S'il n'est pas possible d'écrire sur le disque, c'est qu'il est formaté en NTFS, système propriétaire de Microsoft, et que Mac OS X ne supporte nativement qu'en lecture.

En fait, tous les formats proposés par l'Utilitaire de disque sont utilisables sur Mac, chacun présentant des avantages et des inconvénients, et devant être choisi en fonction de l'usage qui sera fait du disque.

Le format MS-DOS (FAT) offre facilement une compatibilité assez bonne avec Windows. En contrepartie, la taille des fichiers est limitée à seulement 4Go (soit moins qu'une image de DVD), et de nombreuses fonctionnalités de Mac OS X (dont le système de prédilection est HFS+) ne sont pas, ou pas directement, supportées.

Pour une utilisation exclusivement sur Mac (ou sous Windows pourvu de logiciels supplémentaires idoines) il est donc préférable d'utiliser l'un des formats «Mac OS étendu».

La sensibilité à la casse (le fait de distinguer les majuscules et les minuscules dans les noms de fichiers et de dossiers) peut être intéressante si on en trouve l'utilisé. Toutefois l'utilisation de fichiers (programmes, notamment) créés sur des systèmes insensibles à la casses (ce qui est le cas le plus répandu) peut réserver de mauvaises surprises (dysfonctionnement d'applications).

La journalisation permet quant à elle de garder des informations supplémentaires relatives à l'enregistrement des données sur le disque.
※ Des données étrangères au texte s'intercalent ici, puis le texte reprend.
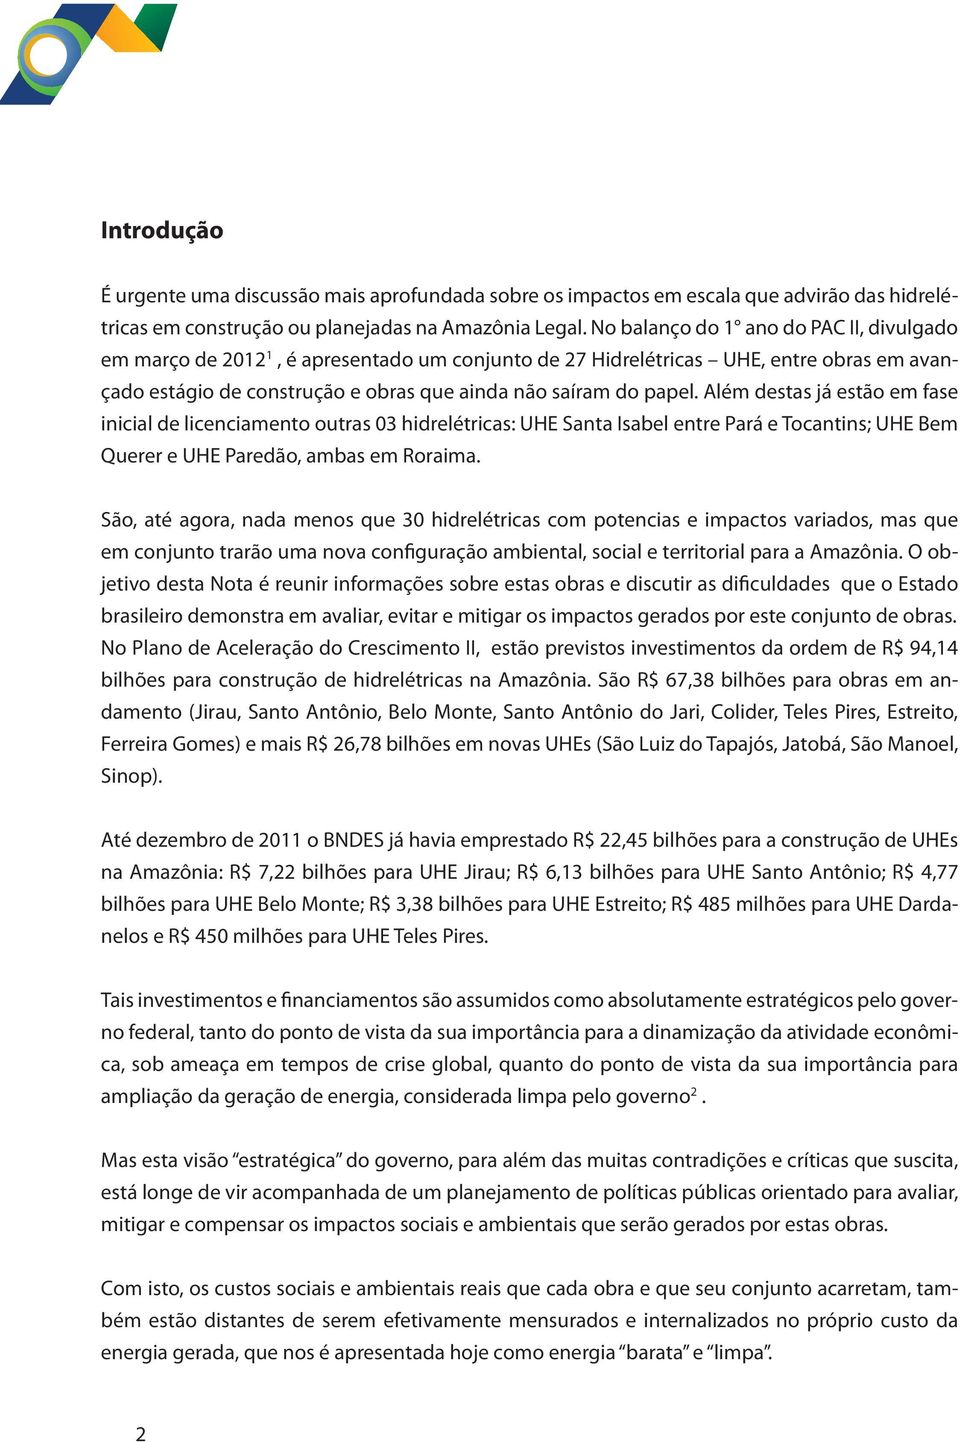 Além destas já estão em fase inicial de licenciamento outras 03 hidrelétricas: UHE Santa Isabel entre Pará e Tocantins; UHE Bem Querer e UHE Paredão, ambas em Roraima.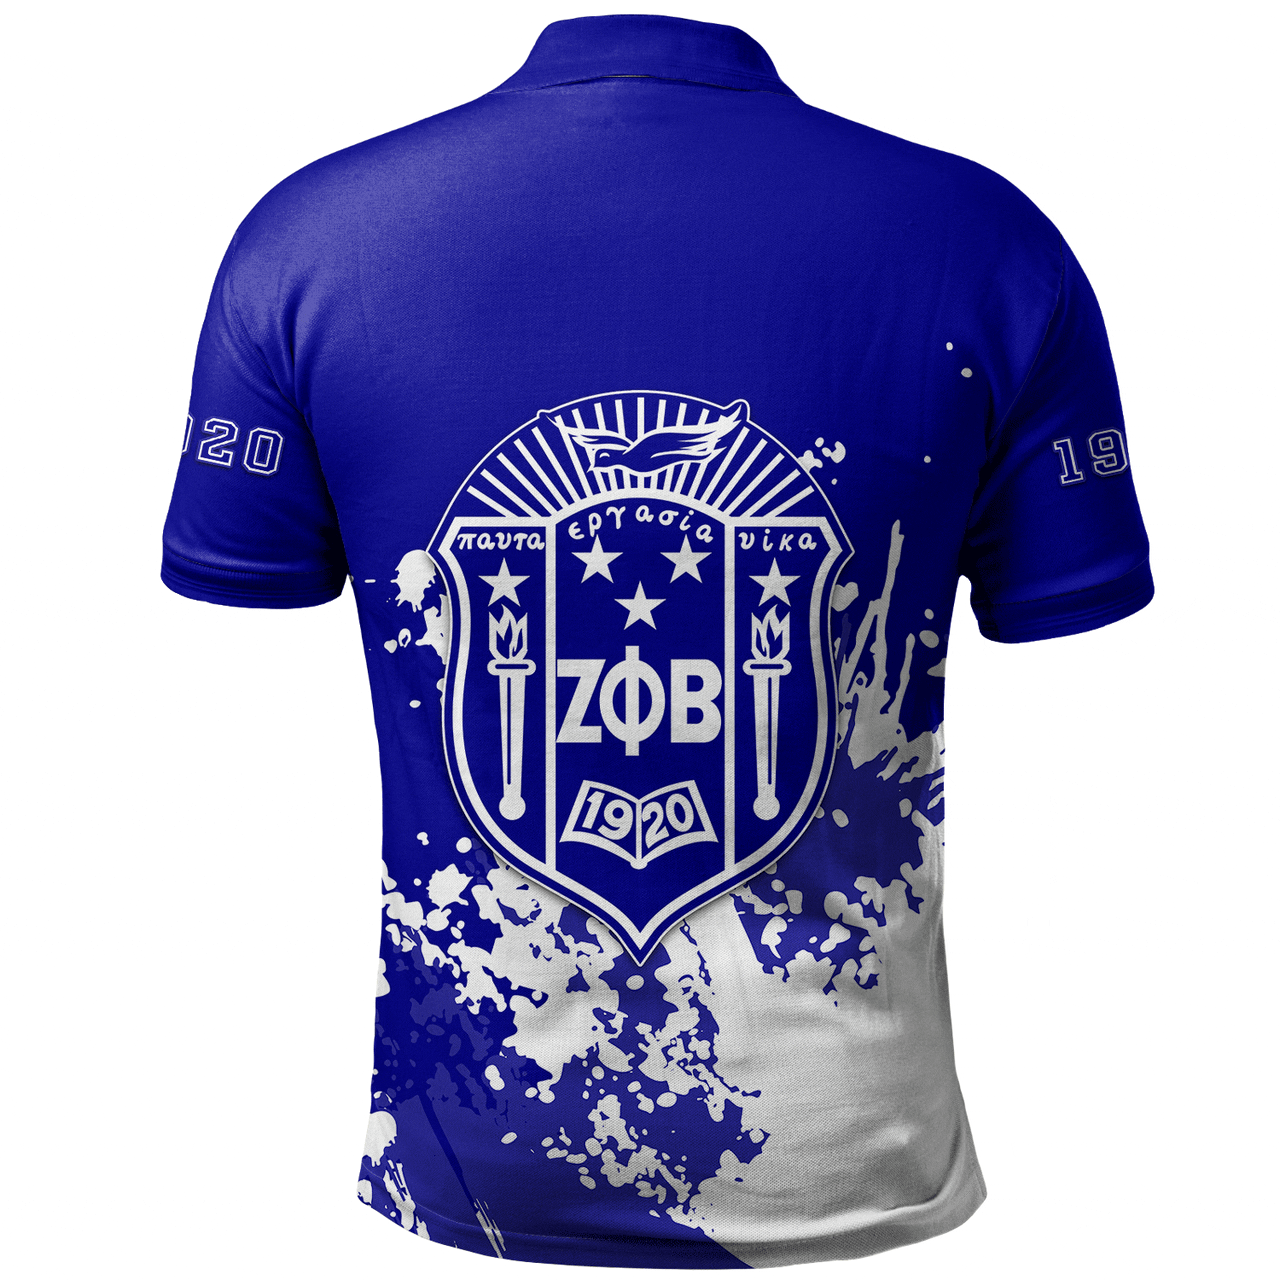 Zeta Phi Beta Polo Shirt Spanit Style

Cela dégrade très légèrement les performances du système, mais en cas de problème (erreurs d'écriture, extinction inopinée du Mac), ce dernier arrive le plus souvent rétablir la situation de manière transparente pour l'utilisateur.


Je te conseillerais donc d'opter pour le format «Mac OS étendu (journalisé)». C'est mon avis personnel, mais que tu n'es pas obligé de suivre.

_EDIT: grillé par DeepDark
_


----------



## Mike_p687 (15 Février 2009)

OK je vous remercie beaucoup pour vos réponses ! 

En effet, c'est un pour une utilisation exclusive Mac 

Merci bien pour toutes ces explications en détails Pa5cal =)


----------



## PA5CAL (15 Février 2009)

Hum... En me relisant je m'aperçois que ce que j'ai écrit pourrait être mal interprété:





PA5CAL a dit:


> Toutefois l'utilisation de fichiers (programmes, notamment) créés sur des systèmes insensibles à la casses (ce qui est le cas le plus répandu) peut réserver de mauvaises surprises (dysfonctionnement d'applications).


Il faut comprendre:

Toutefois l'utilisation de fichiers (programmes, notamment) créés sur des systèmes insensibles à la casse (ce qui est le cas le plus répandu) peut réserver de mauvaises surprises sur les systèmes utilisateurs sensibles à la casse (dysfonctionnement d'applications mal «ficelées»). Ce problème est par nature moins répandu sur les systèmes utilisateurs  insensibles à la casse.


----------